Of the following transitions in the Bohr hydrogen atom, the ____ transition results in the emission of the highest-energy photon.

a.n=1, n=6
b.n=6, n=1
c.n=6,n=3
d.n=3,n=6
e.n=1,n=4

B: n=6, n=1 is highest-energy photon. Emission is going from a higher energy level down to a lower energy level, so that will rule out a,d,e. So between b and c, it will be b because if you study the n=1 energy level you will see that it is the ground state energy level, which means that energy is the greatest in this energy level.

The transition that results in the emission of the highest-energy photon in the Bohr hydrogen atom is the transition from a higher energy state to a lower energy state.

By comparing the given transitions, we can see that option b) n=6 to n=1 represents a transition from a higher energy state (n=6) to a lower energy state (n=1). Therefore, option b) results in the emission of the highest-energy photon.

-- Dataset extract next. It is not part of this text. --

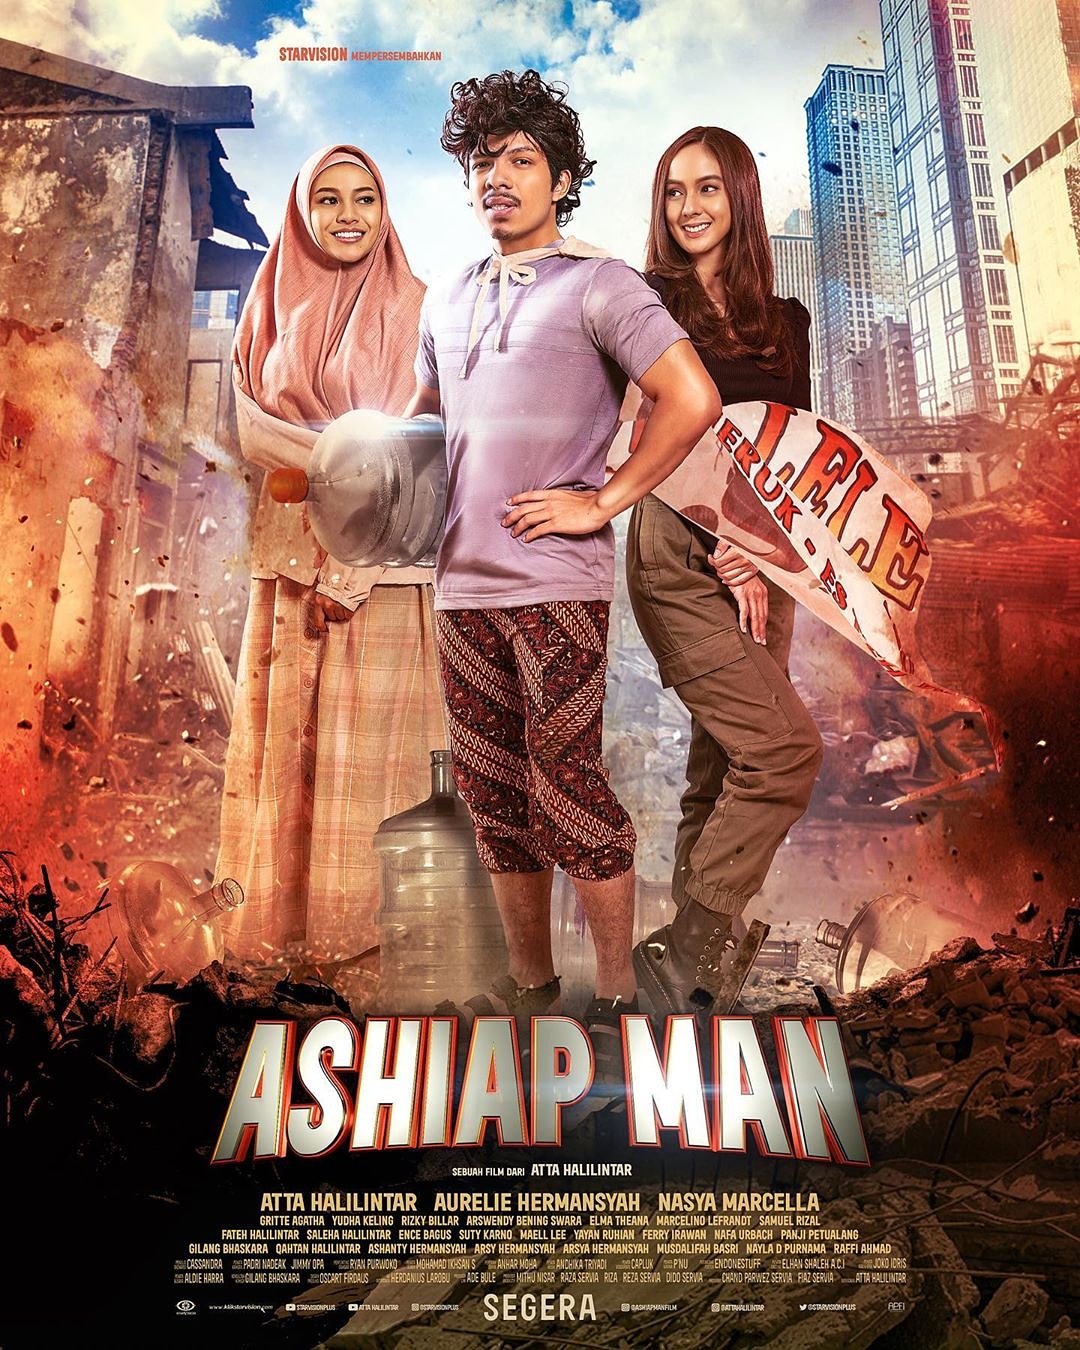 Ashiap Man (Film Indonesia) : Sinopsis dan Review
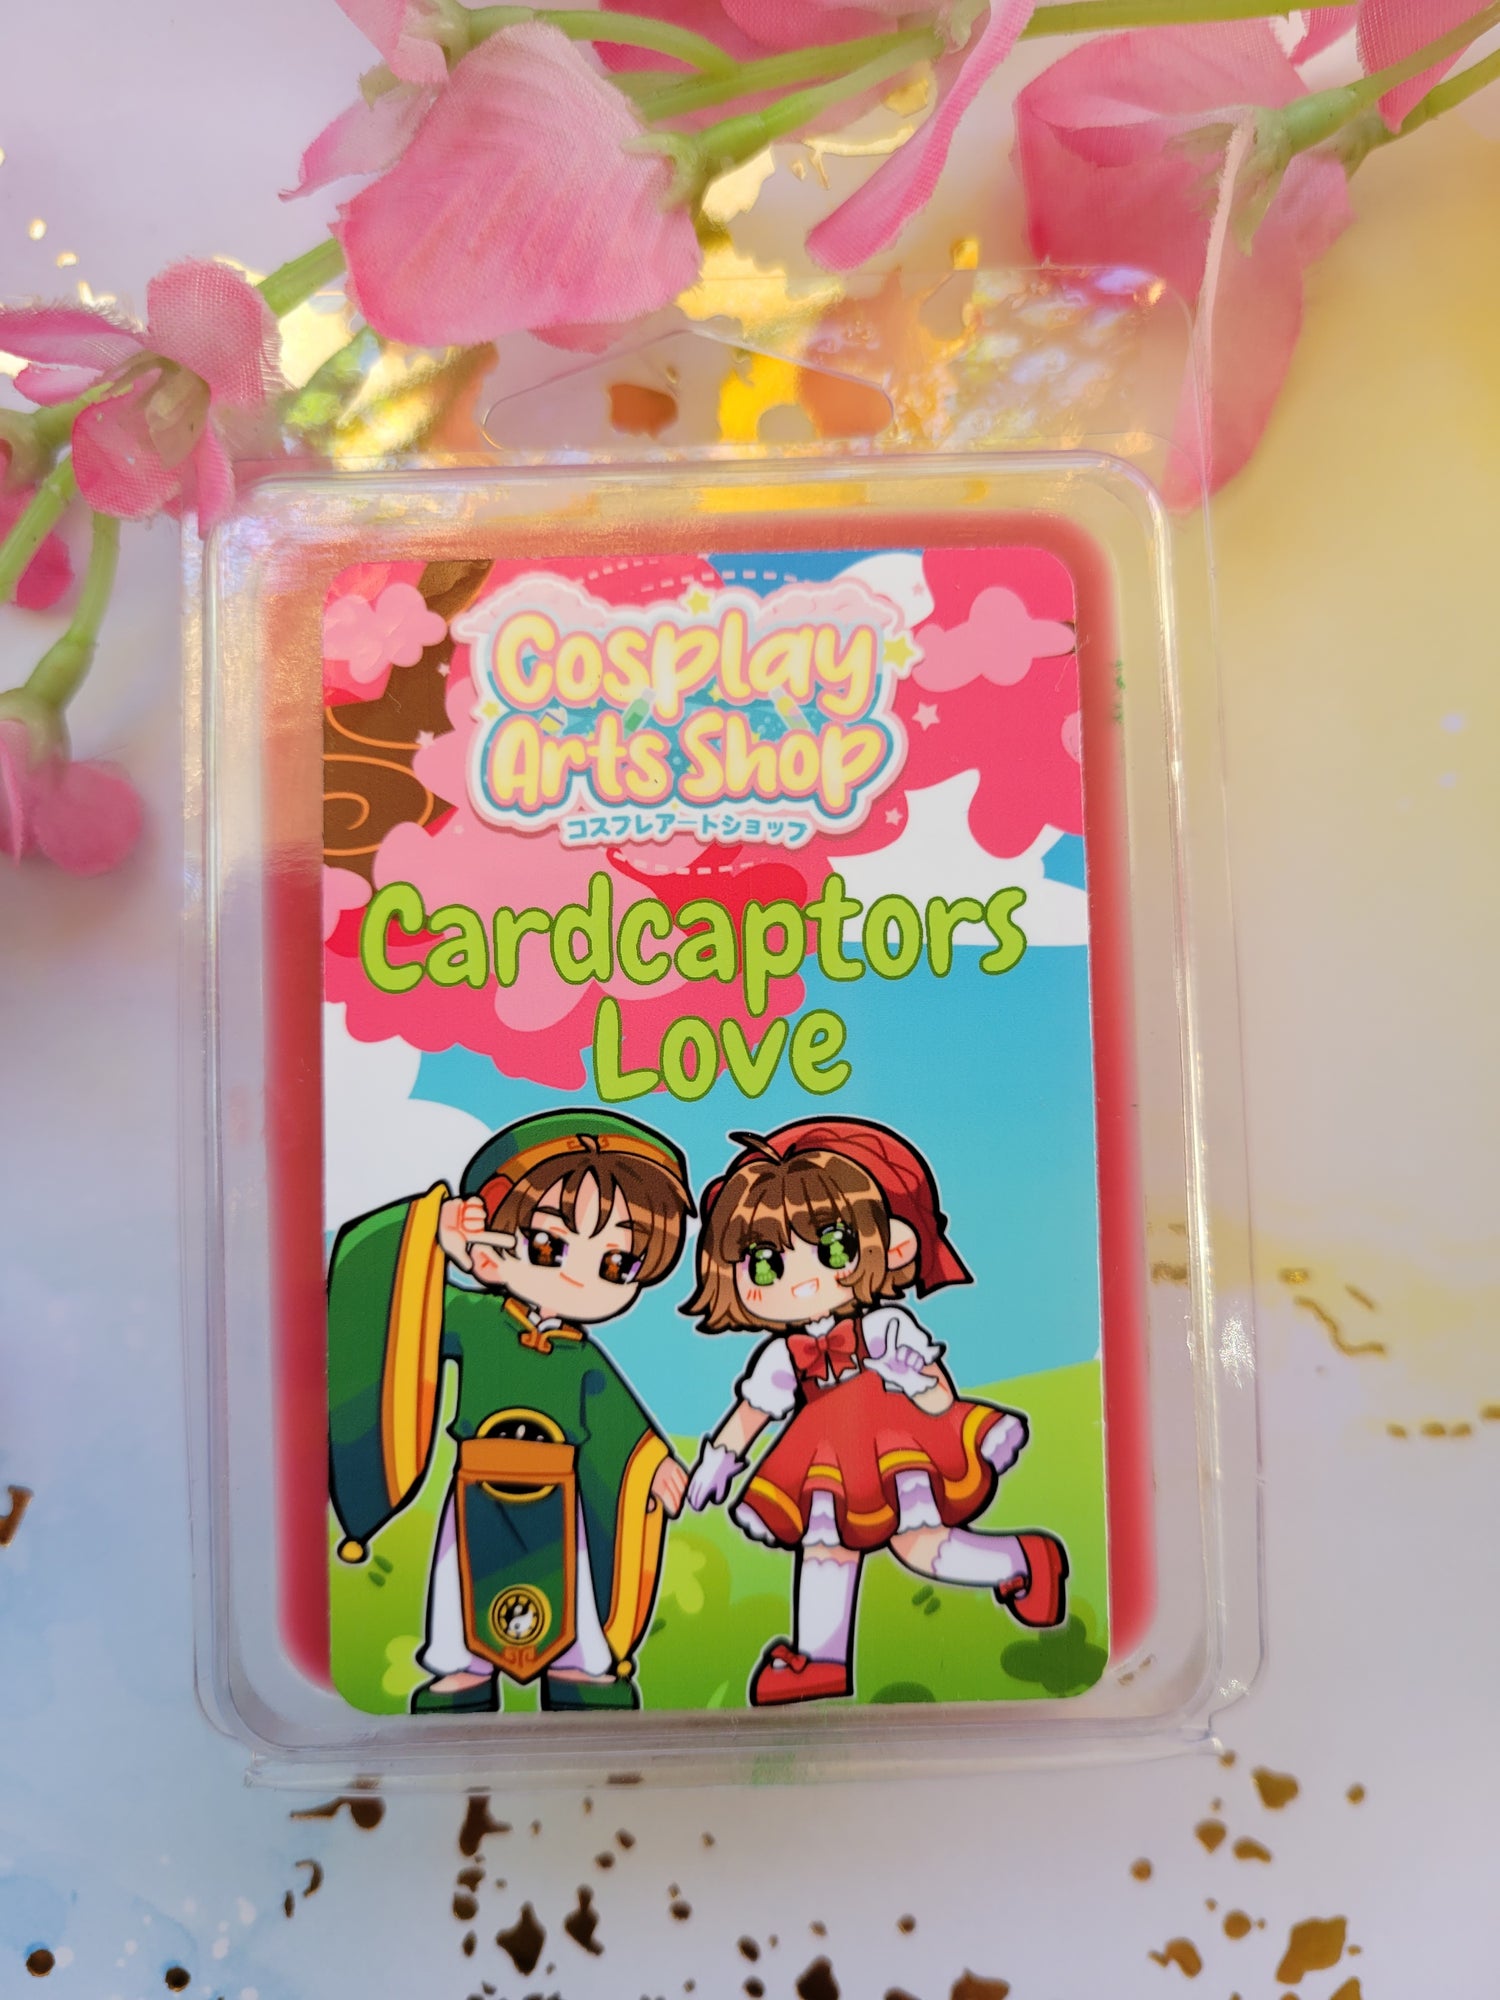 Cardcaptors Love Wax Melt - Cosplay Arts Shop

To determine which transition results in the emission of the highest-energy photon in the Bohr hydrogen atom, we need to compare the energy levels associated with each transition.

The energy levels in the Bohr model of the hydrogen atom are given by the formula:
E = -13.6 eV/n^2

Where E is the energy level, n is the principal quantum number, and -13.6 eV is a constant representing the ionization energy of the hydrogen atom.

To find the energy difference between two energy levels, we subtract the initial energy level from the final energy level:
ΔE = E_final - E_initial

The energy of the emitted photon is given by the energy difference between the initial and final energy levels:
E_photon = ΔE

Let's calculate the energy differences for each transition:

a. n=1, n=6
ΔE = (E_final - E_initial) = E_6 - E_1 = (-13.6 eV/6^2) - (-13.6 eV/1^2) = -0.15 eV

b. n=6, n=1
ΔE = (E_final - E_initial) = E_1 - E_6 = (-13.6 eV/1^2) - (-13.6 eV/6^2) = -0.15 eV

c. n=6, n=3
ΔE = (E_final - E_initial) = E_3 - E_6 = (-13.6 eV/3^2) - (-13.6 eV/6^2) = -0.06 eV

d. n=3, n=6
ΔE = (E_final - E_initial) = E_6 - E_3 = (-13.6 eV/6^2) - (-13.6 eV/3^2) = -0.06 eV

e. n=1, n=4
ΔE = (E_final - E_initial) = E_4 - E_1 = (-13.6 eV/4^2) - (-13.6 eV/1^2) = -0.85 eV

From the calculations, we can see that option e. (n=1, n=4) results in the highest energy difference (ΔE = -0.85 eV). Therefore, the e. (n=1, n=4) transition results in the emission of the highest-energy photon.

The most energy comes from the largest "movement" of the electron; therefore, I would think that would be from 6 to 1.